- **DATA**:
>>>

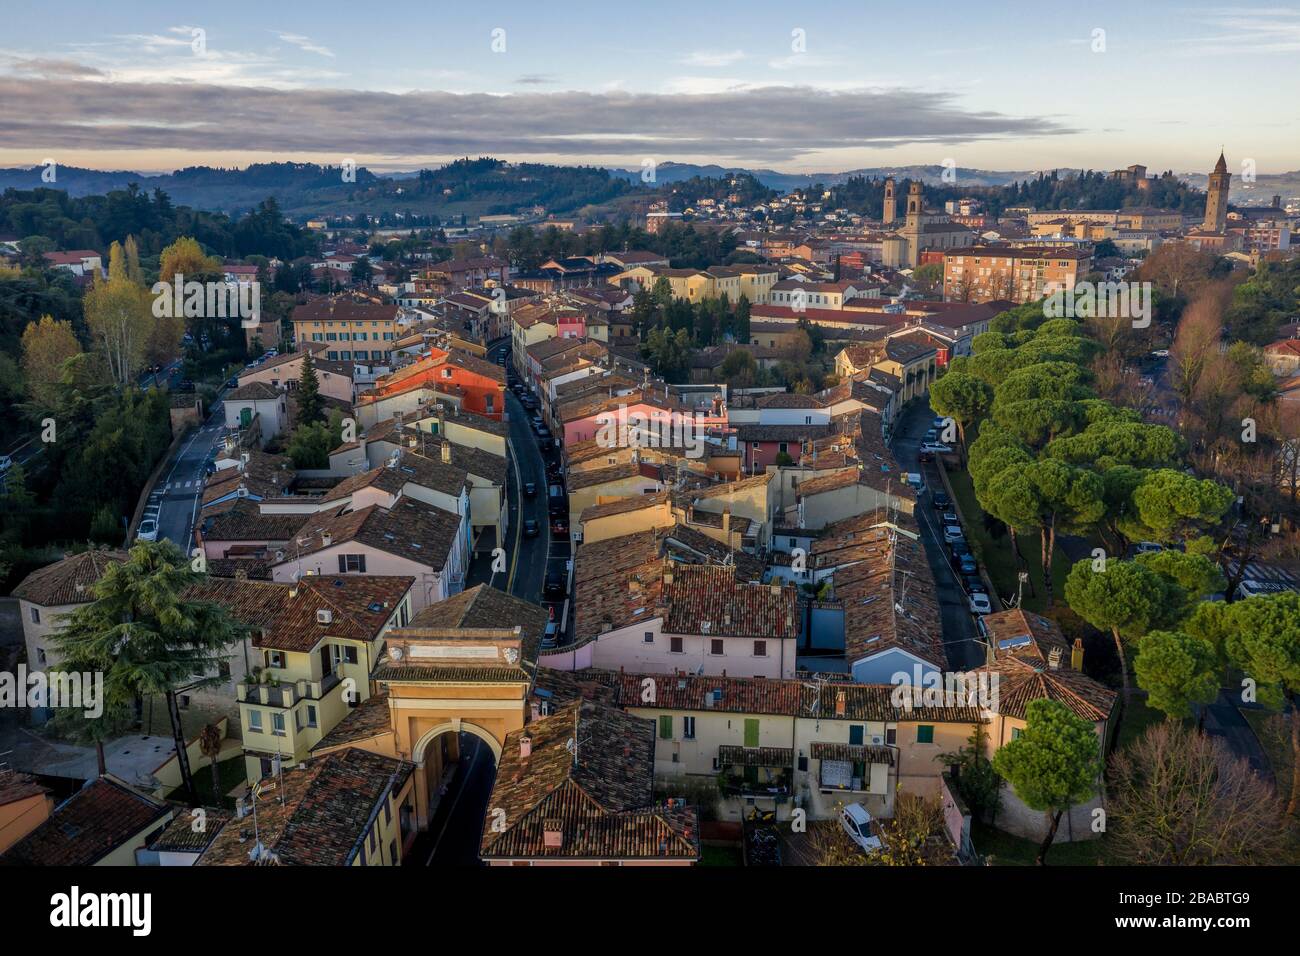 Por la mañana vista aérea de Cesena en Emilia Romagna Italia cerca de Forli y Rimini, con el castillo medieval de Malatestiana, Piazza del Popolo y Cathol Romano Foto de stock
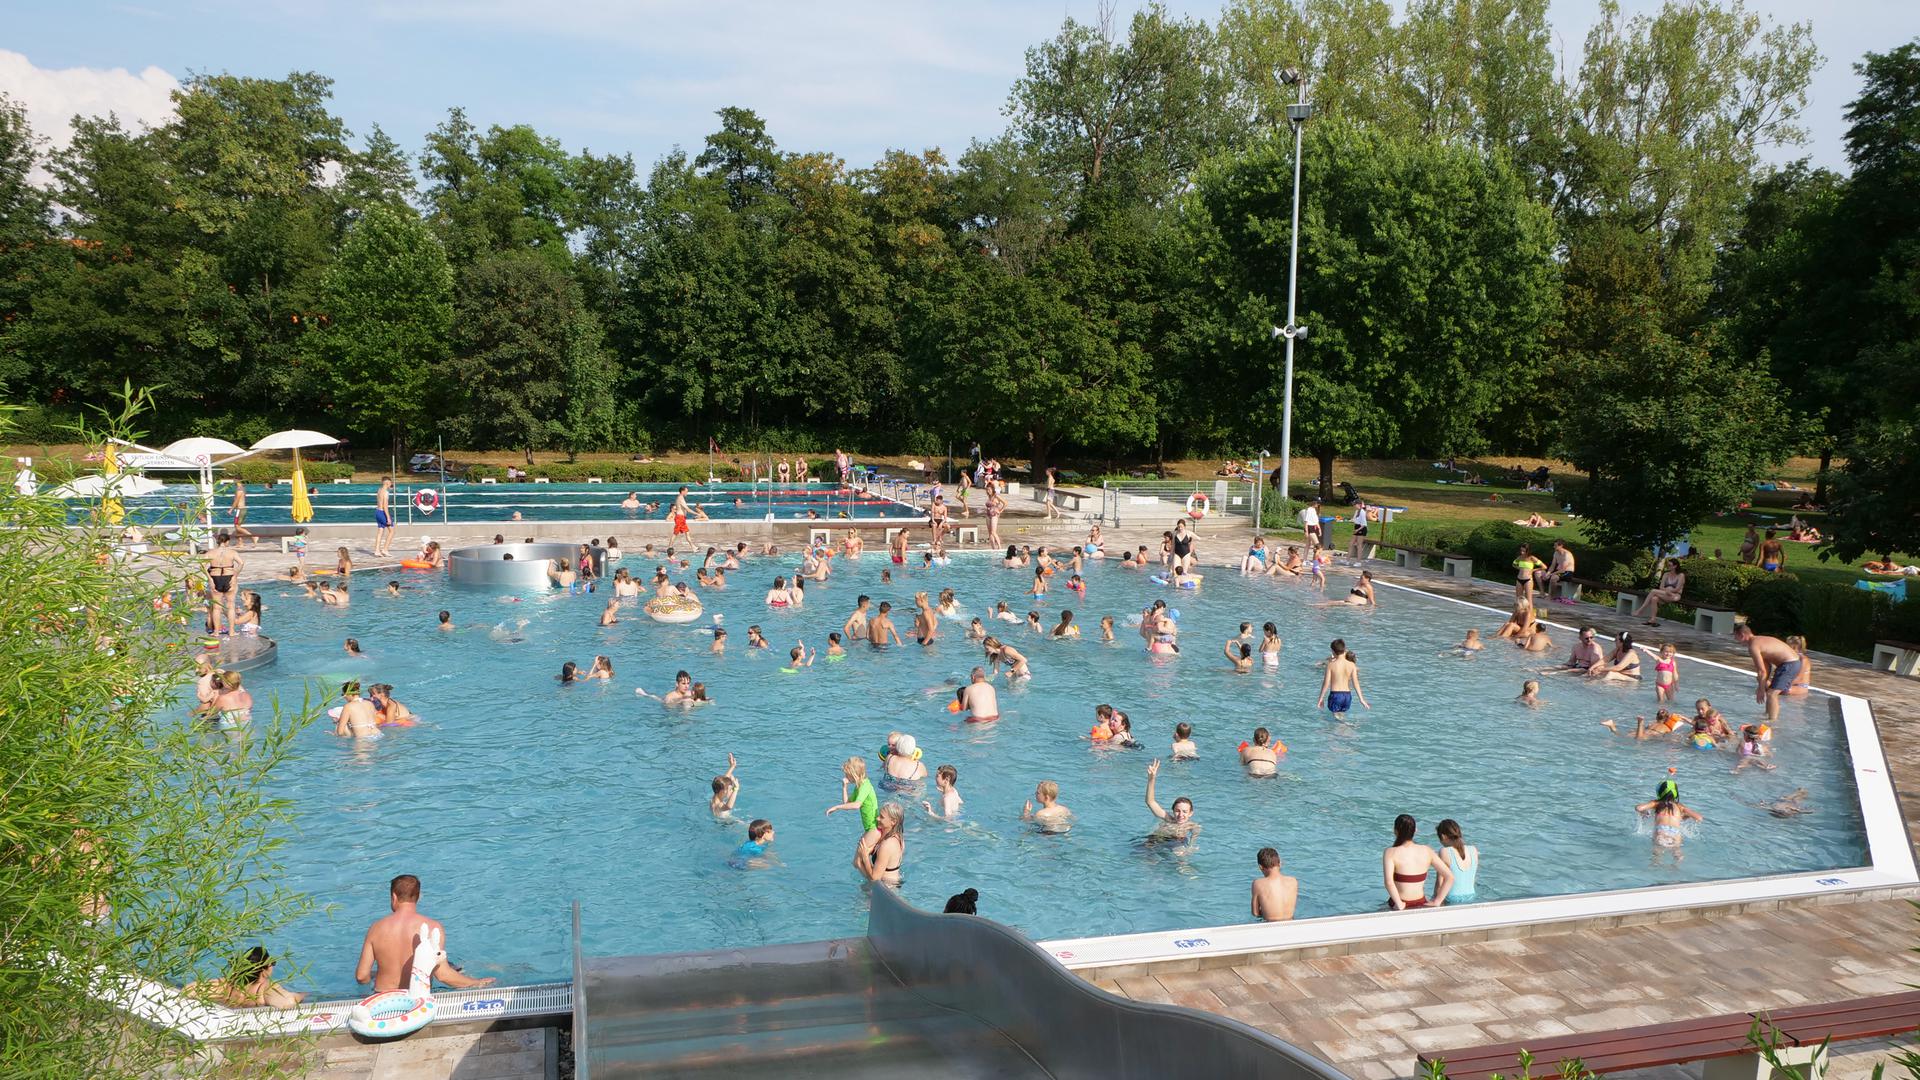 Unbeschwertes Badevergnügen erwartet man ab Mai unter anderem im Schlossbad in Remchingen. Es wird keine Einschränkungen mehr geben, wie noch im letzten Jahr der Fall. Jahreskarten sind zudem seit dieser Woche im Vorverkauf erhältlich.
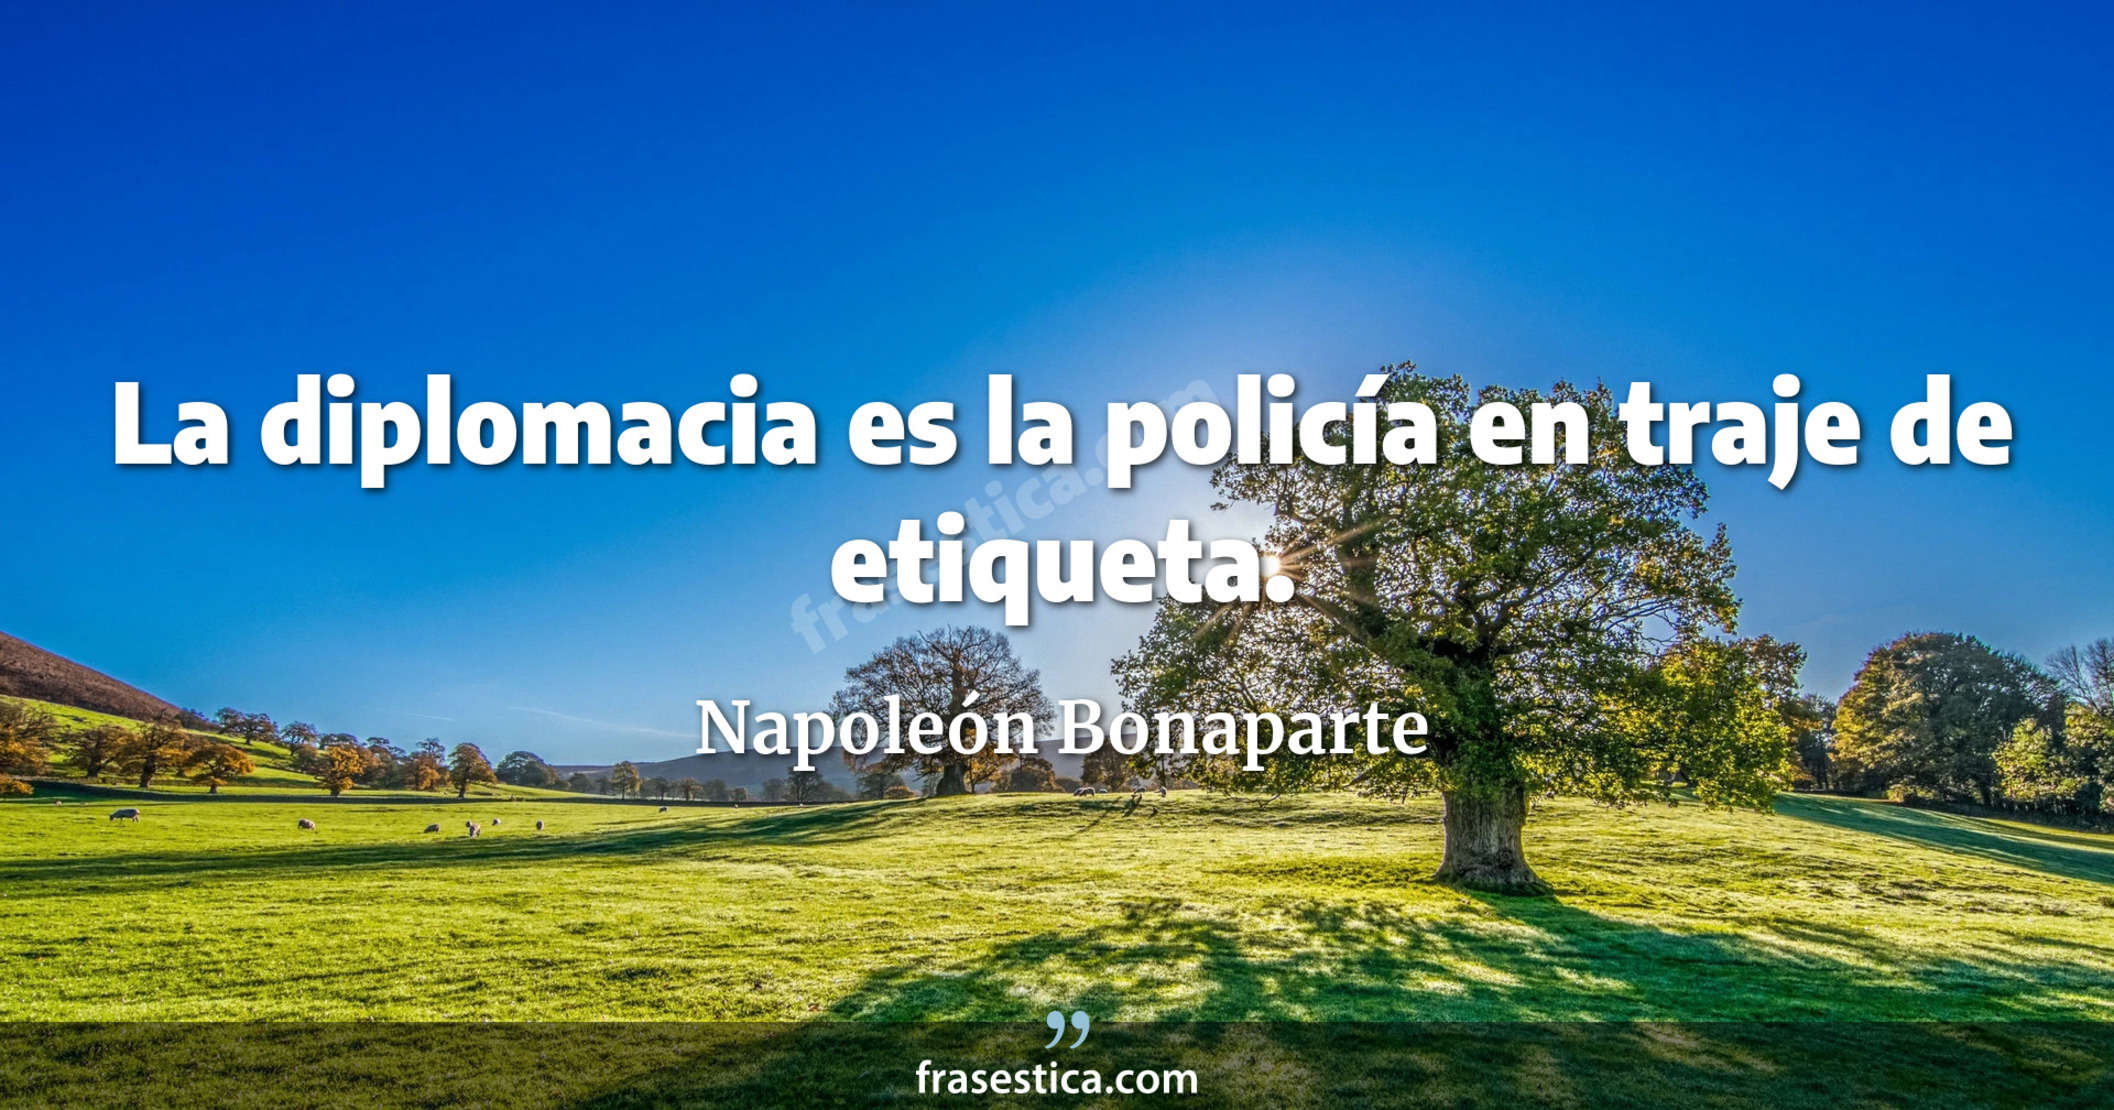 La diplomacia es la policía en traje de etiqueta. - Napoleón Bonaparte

<<<

- **EXERCISE INSTRUCTIONS**: Where the material above includes pictures, omit them and retype everything else exactly.

- **OUTPUT OF THE EXERCISE**:
 Por la mañana vista aérea de Cesena en Emilia Romagna Italia cerca de Forli y Rimini, con el castillo medieval de Malatestiana, Piazza del Popolo y Cathol Romano Foto de stock
 Unbeschwertes Badevergnügen erwartet man ab Mai unter anderem im Schlossbad in Remchingen. Es wird keine Einschränkungen mehr geben, wie noch im letzten Jahr der Fall. Jahreskarten sind zudem seit dieser Woche im Vorverkauf erhältlich.
 La diplomacia es la policía en traje de etiqueta. - Napoleón Bonaparte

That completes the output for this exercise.